When those are sorted, the remaining wires....  Could be only one depending on the age of the trailer, probably two, and possibly three.  Those functions,  brakes, auxillary power (to charge a breakaway battery), and reverse lights.  Being a commercially available harness instead of a hand made one (eveidenced by the molded plug), you MIGHT have extra wires that are unused.  That'll mess up your day.....  But you can't hurt anything...  Power them one at a time with your battery, but put the battery on the trailer.  Attempt to move the trailer.  One wire will lock the brakes.  That is your brake wire.  By the nature of electric brakes, it takes some degree of wheel travel to activate the brakes, so go a couple of feet each way before you give up, so you might want to attach it to a tow vehicle for this.  Just don't plug in the partial harness yet.  

So now, worst case, you've got two wires left.  Two possibilities.  One to charge the battery, and one for the reverse lights.  You could brute force guess at this point, or if you're missing wires (less than seven), process of elimination might tell you what feature is left based on what you have.

Reverse (which you've found if you have that feature, but probabbly not), and battery charge/auxiliary power.  Now you need the meter.  Or a light bulb.  Or the sketchy way, raking a wire lightly and quickly across a connection to see if it acts "shorted".   One of those two wires goes straight to the positive terminal of the breakaway battery.  The remaining one (assuming you probably don't have the feature) is a dead end wire that "could" power reverse lights. 


As with most things in DC electrical systems, the key to make it work is to break it down into pieces.  Working in a systematic way will get you to where you need to be.


----------



## chatter chatter cut cut (Apr 16, 2022)

mmcmdl said:


> Got everything ready and had a terrible thunderstorm . Figured out there is only 5040 different combinations with wiring the plug . How bad could it be ?   Usually I have a 50/50 shot at wiring and see magic smoke appear before my eyes .

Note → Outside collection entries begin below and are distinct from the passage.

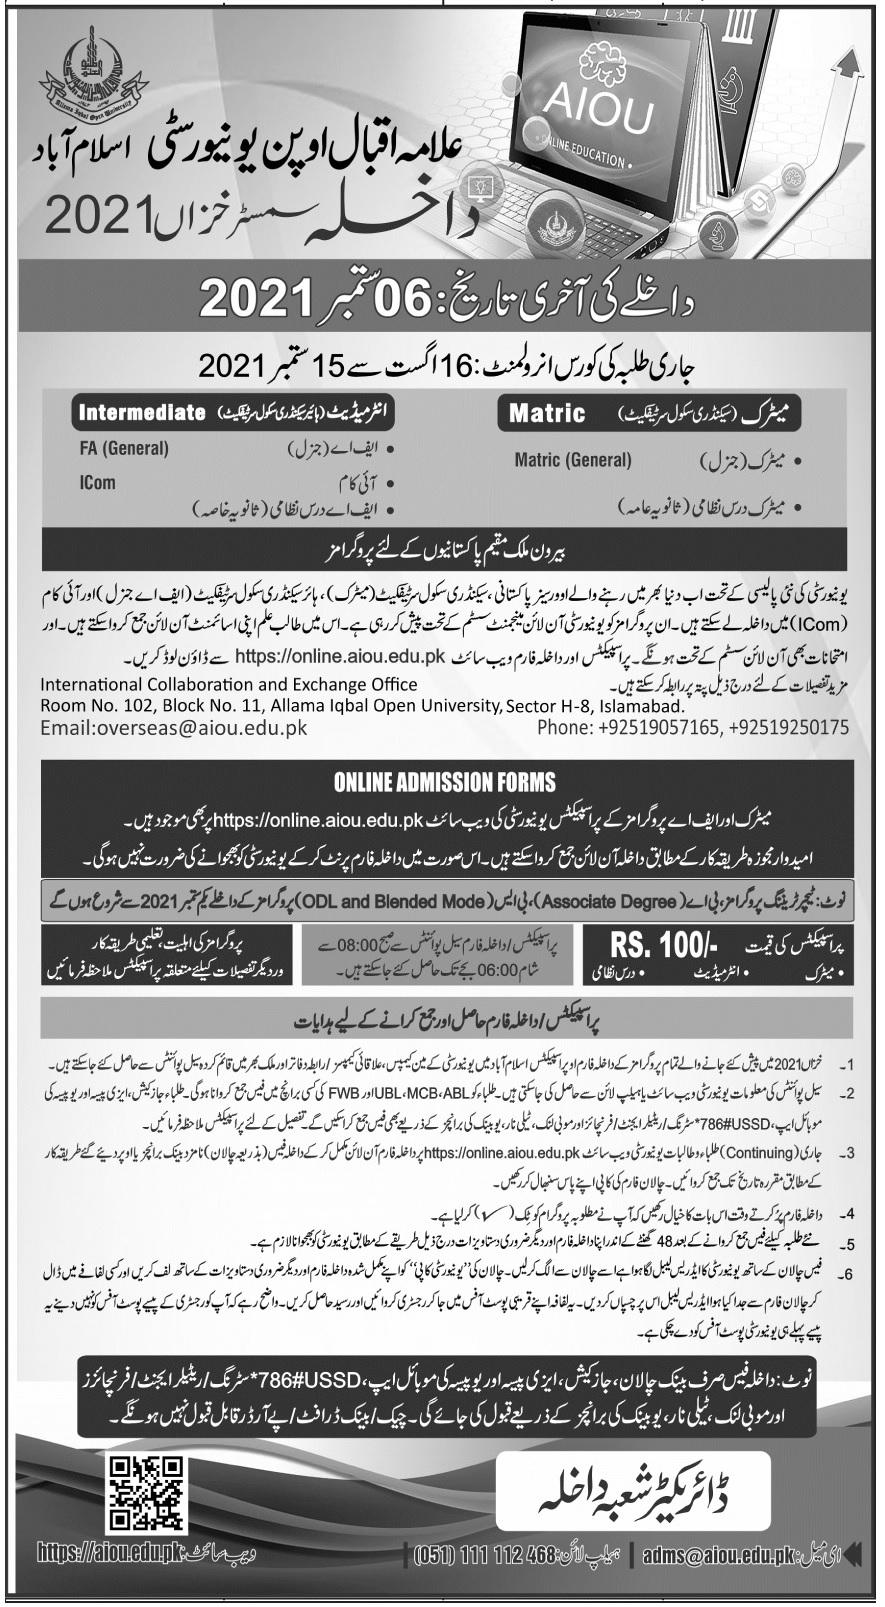 Aiou Islamabad Admissions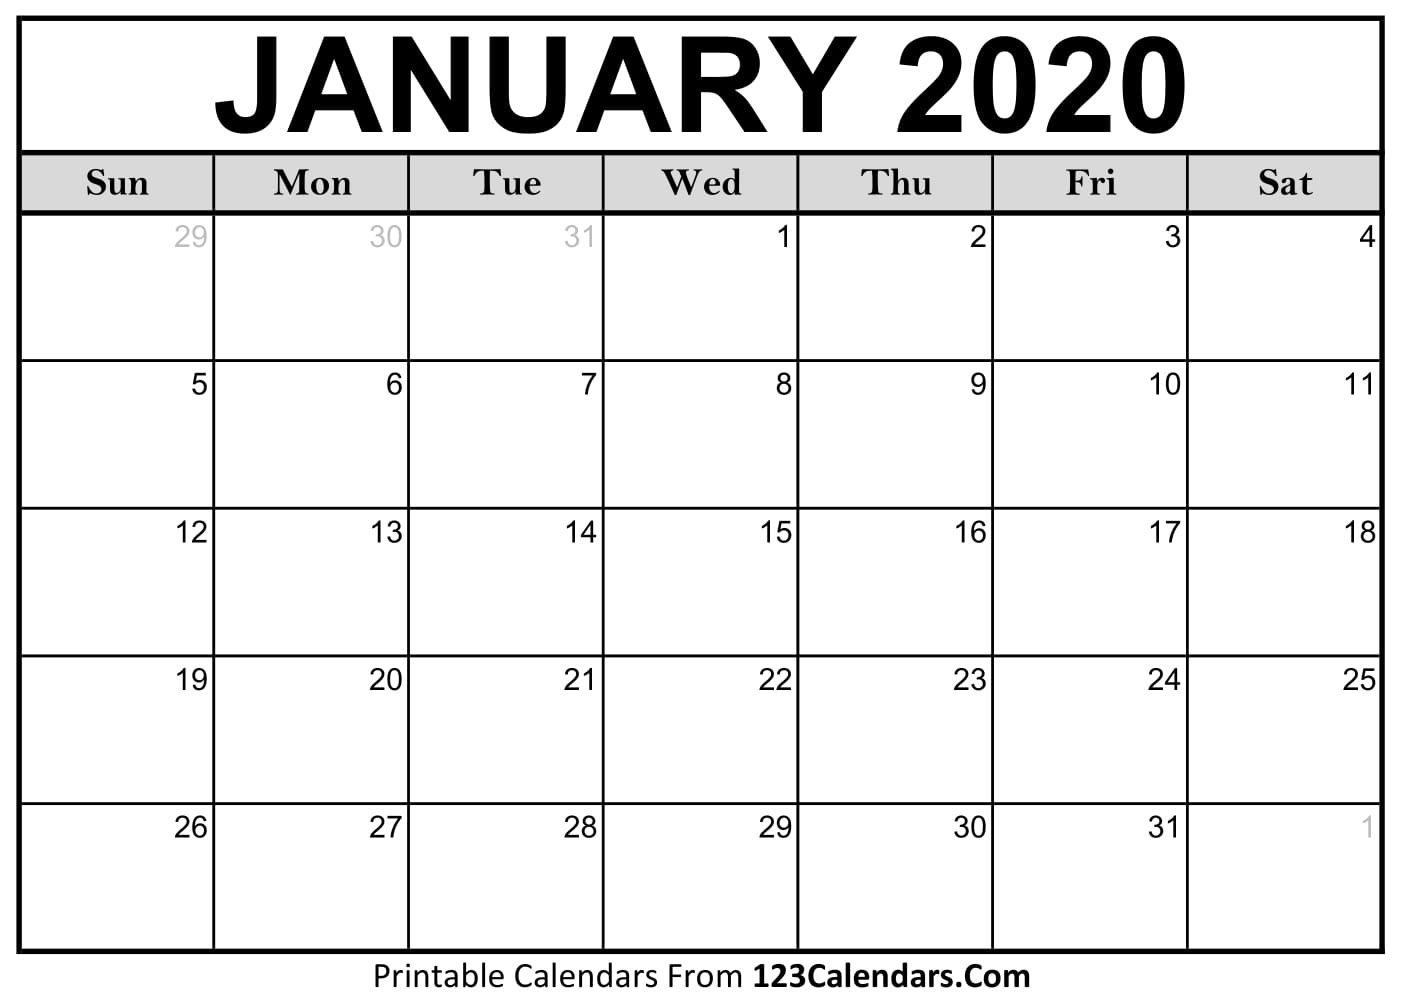 Printable Fill In Calendar For 2020 - Calendar Inspiration Free Printable Fill In Calendars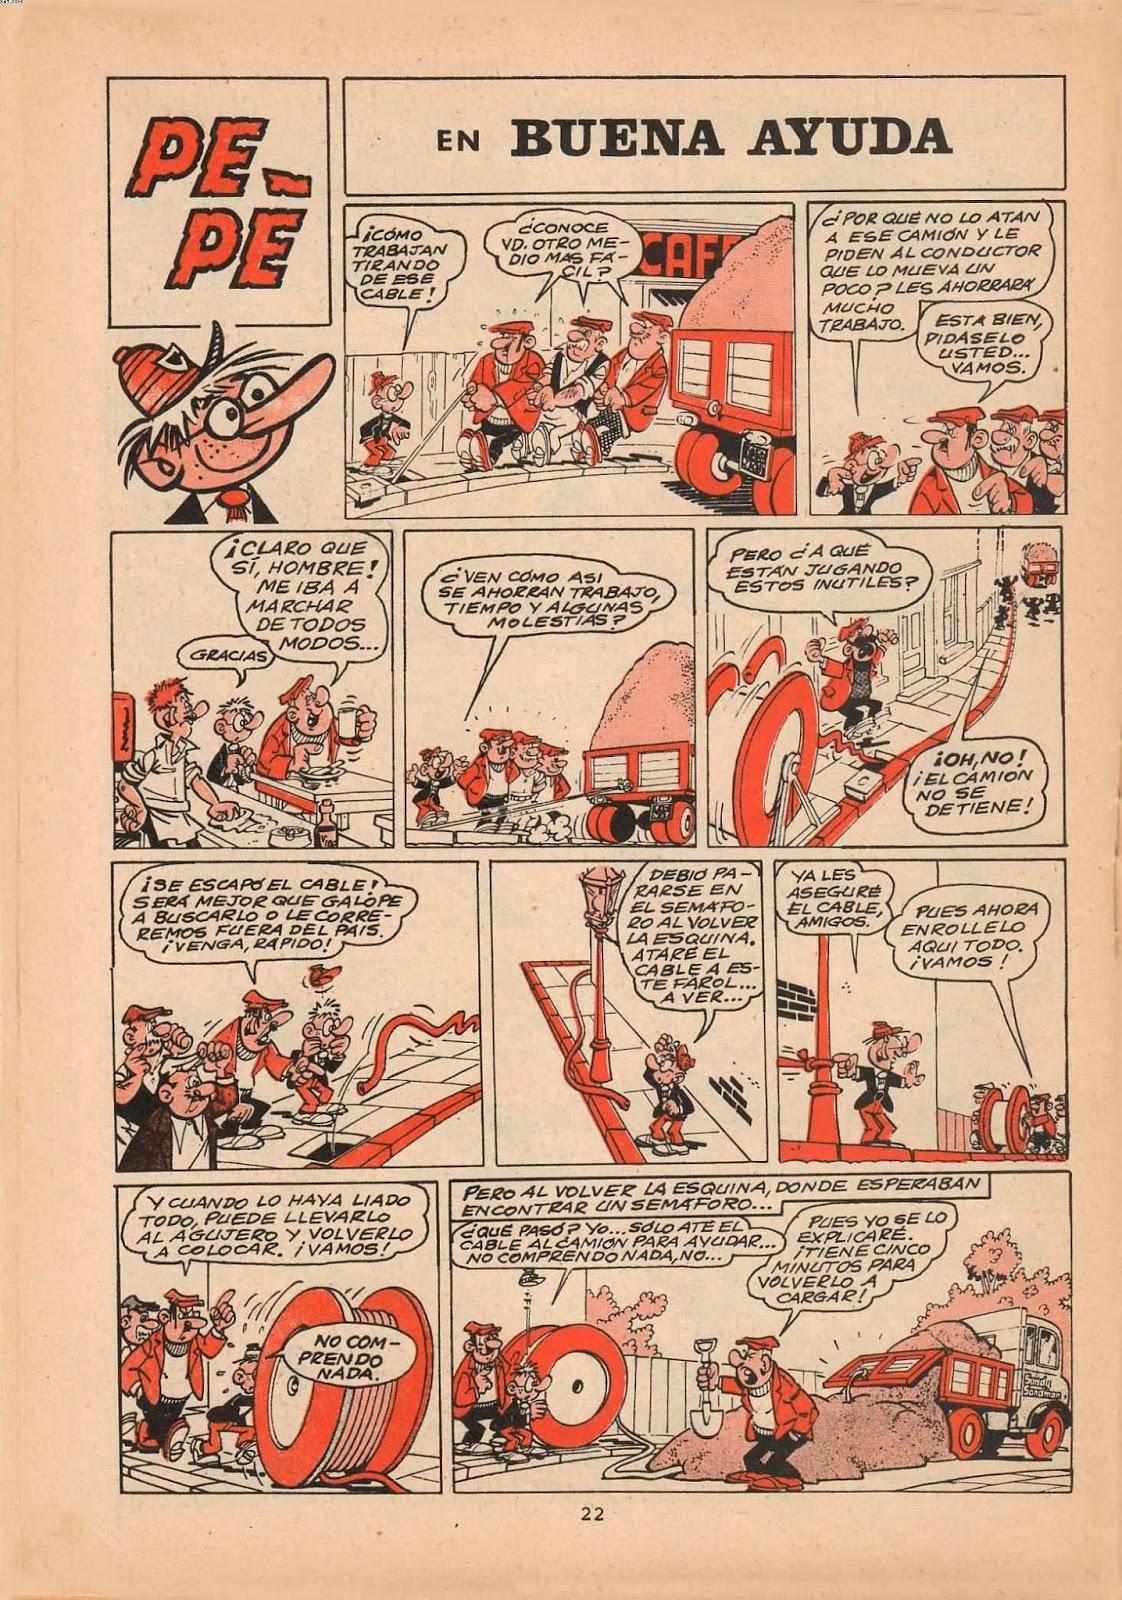 Pepe (Nosey) por Cerdan, publicado por Selecciones de Jaimito nº 148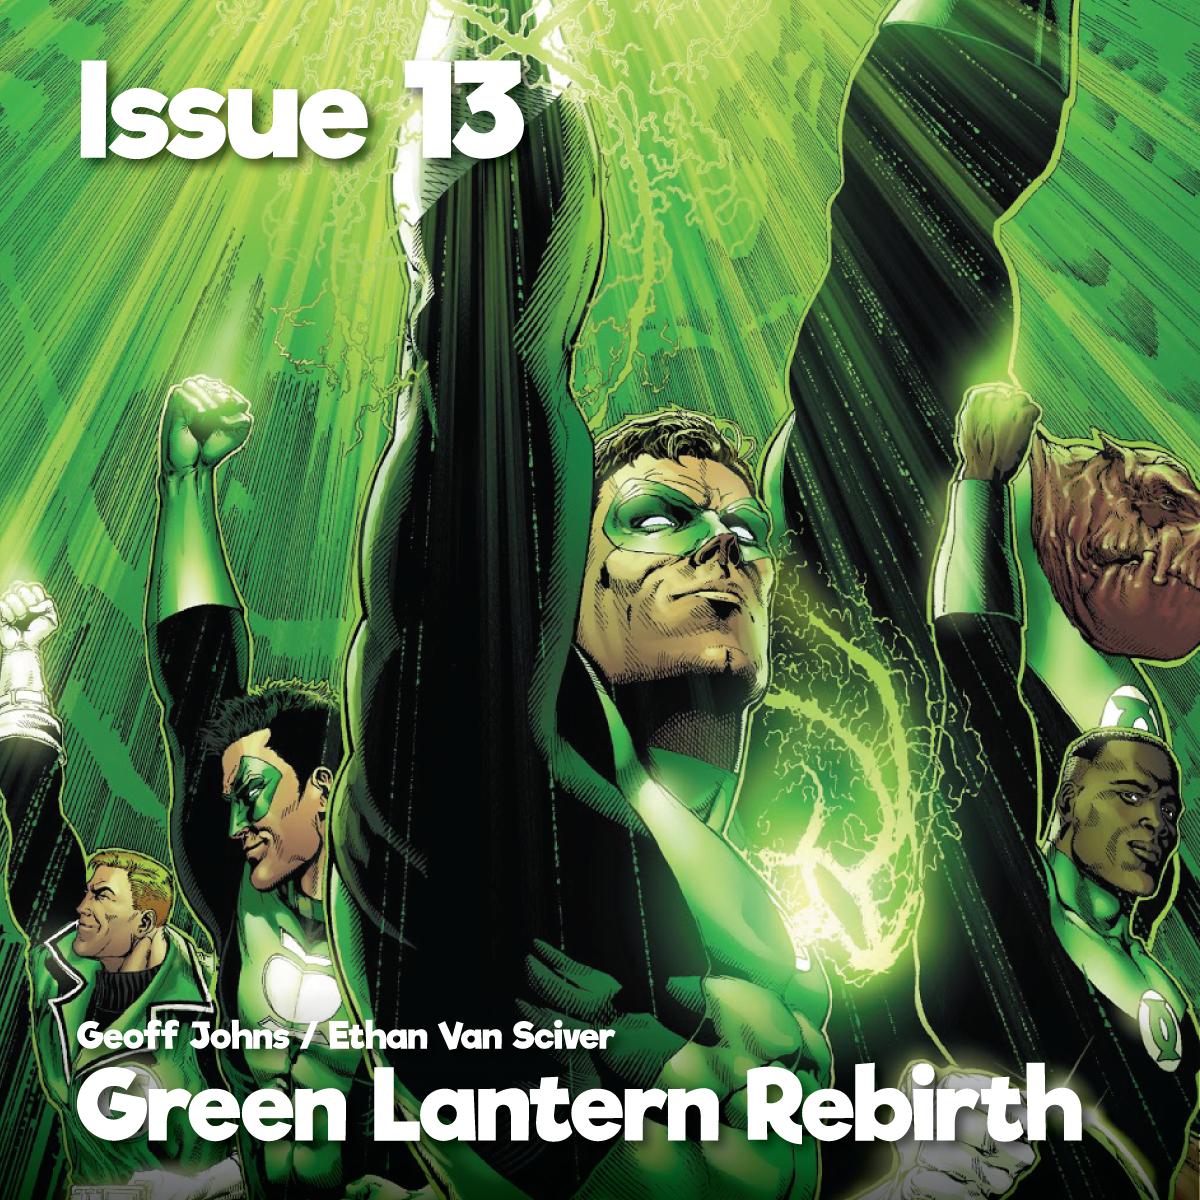 Issue13_GreenLanternRebirth_1200x1200.png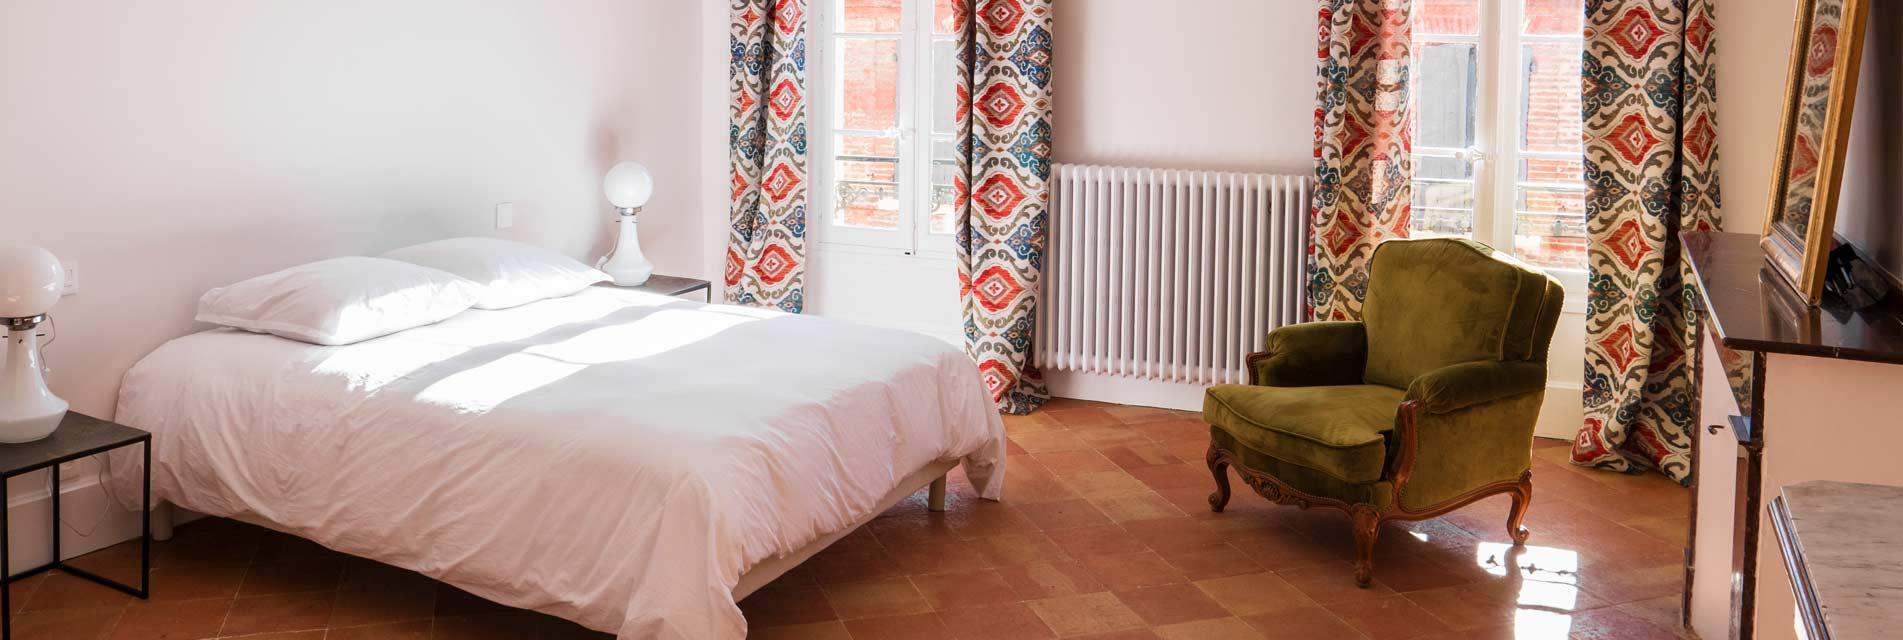 Nos Locations de Vacances en Chambres d'hôtes dans le Tarn en Occitanie

find a friend . my buddy spent 3 days trying to wire his . with him up front working switches and turn signals and me with really cheap meter we had it sorted in about 10 min.


----------



## matthewsx (Apr 16, 2022)

mmcmdl said:


> OK , going to head up to Tractor Supply and try to do this . Got to get this trailer road ready once again . Firewood for the campers may take off quickly !


Nice looking rig there


----------



## mmcmdl (May 1, 2022)

2 weeks later . It is wired but not tested .


----------



## Cadillac (May 1, 2022)

Right on schedule


----------